Task directions
Where the lines below hold images, skip those and copy every word exactly.

Material provided
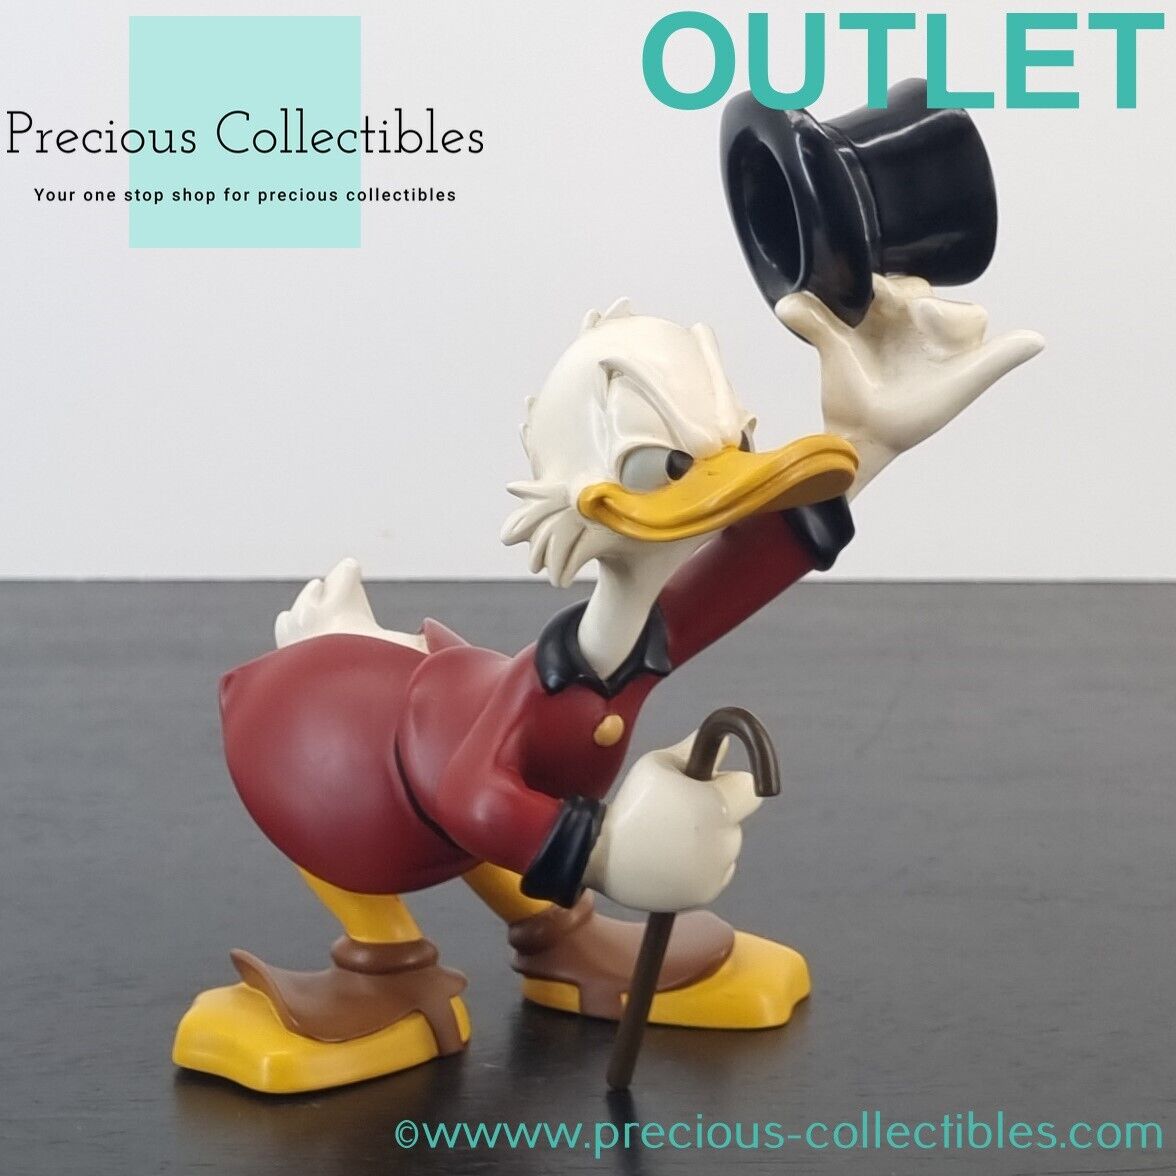 Extremely rare Scrooge McDuck figurine. Demons and Merveilles. Disney.
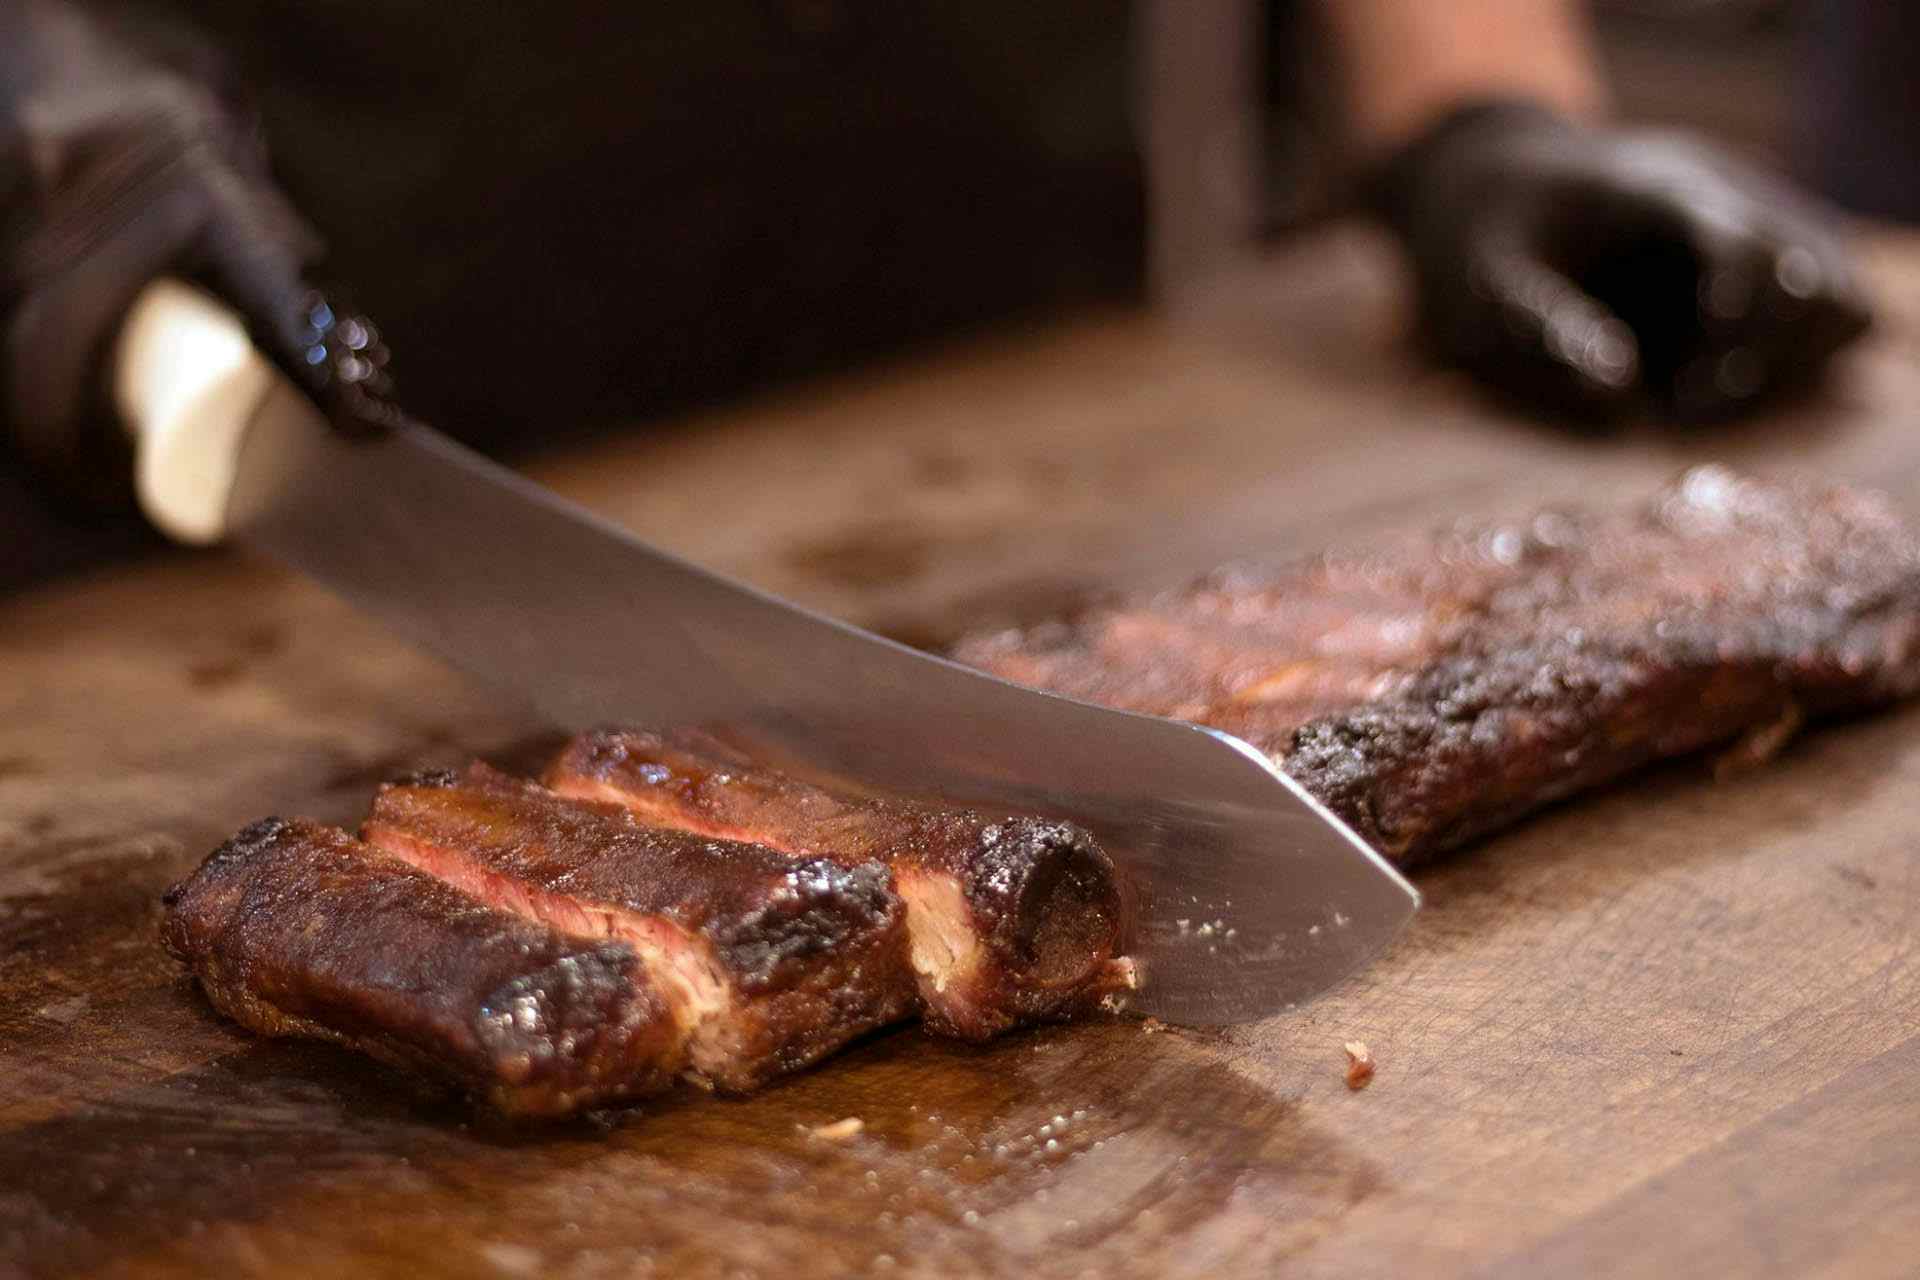 Lexington Gets Slow Smoked Texas Barbecue with New Dickey’s Barbecue Pit
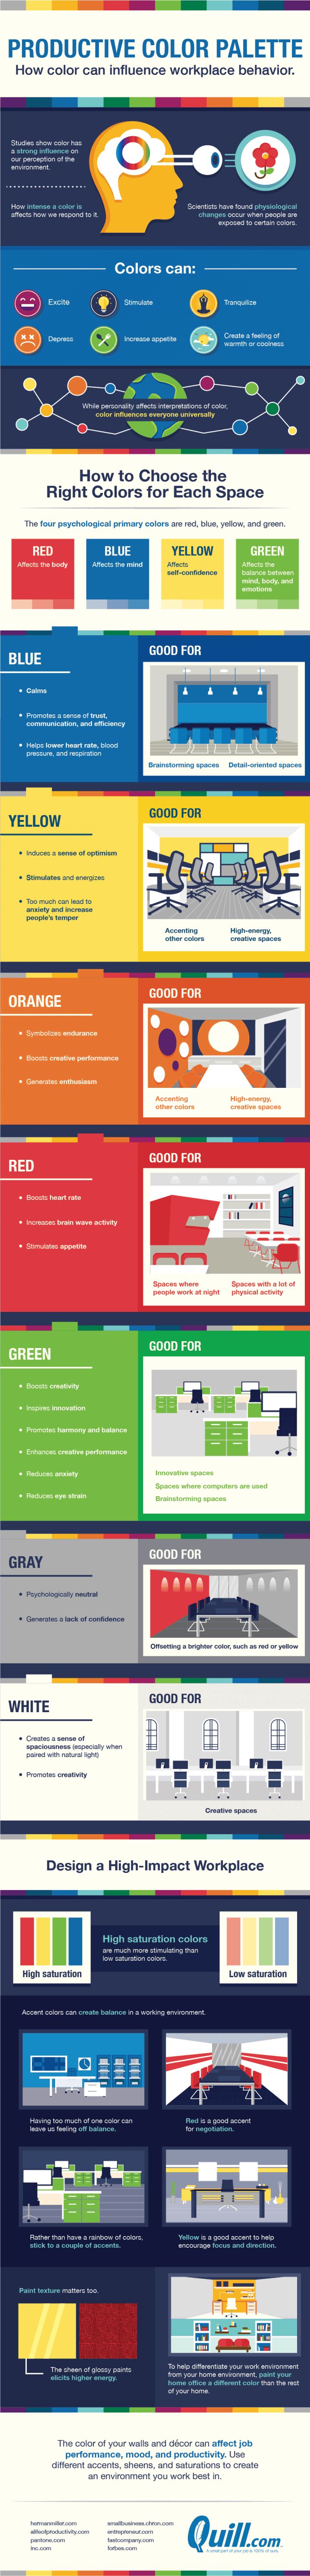 1556276697_999_Psychology-Infographic-The-Best-Colors-For-Productivity-And-Creativity Psychology Infographic : The Best Colors For Productivity And Creativity In Your Workplace

Exercise solution
 Extremely rare Scrooge McDuck figurine. Demons and Merveilles. Disney.
 Lexington Gets Slow Smoked Texas Barbecue with New Dickey’s Barbecue Pit
 1556276697_999_Psychology-Infographic-The-Best-Colors-For-Productivity-And-Creativity Psychology Infographic : The Best Colors For Productivity And Creativity In Your Workplace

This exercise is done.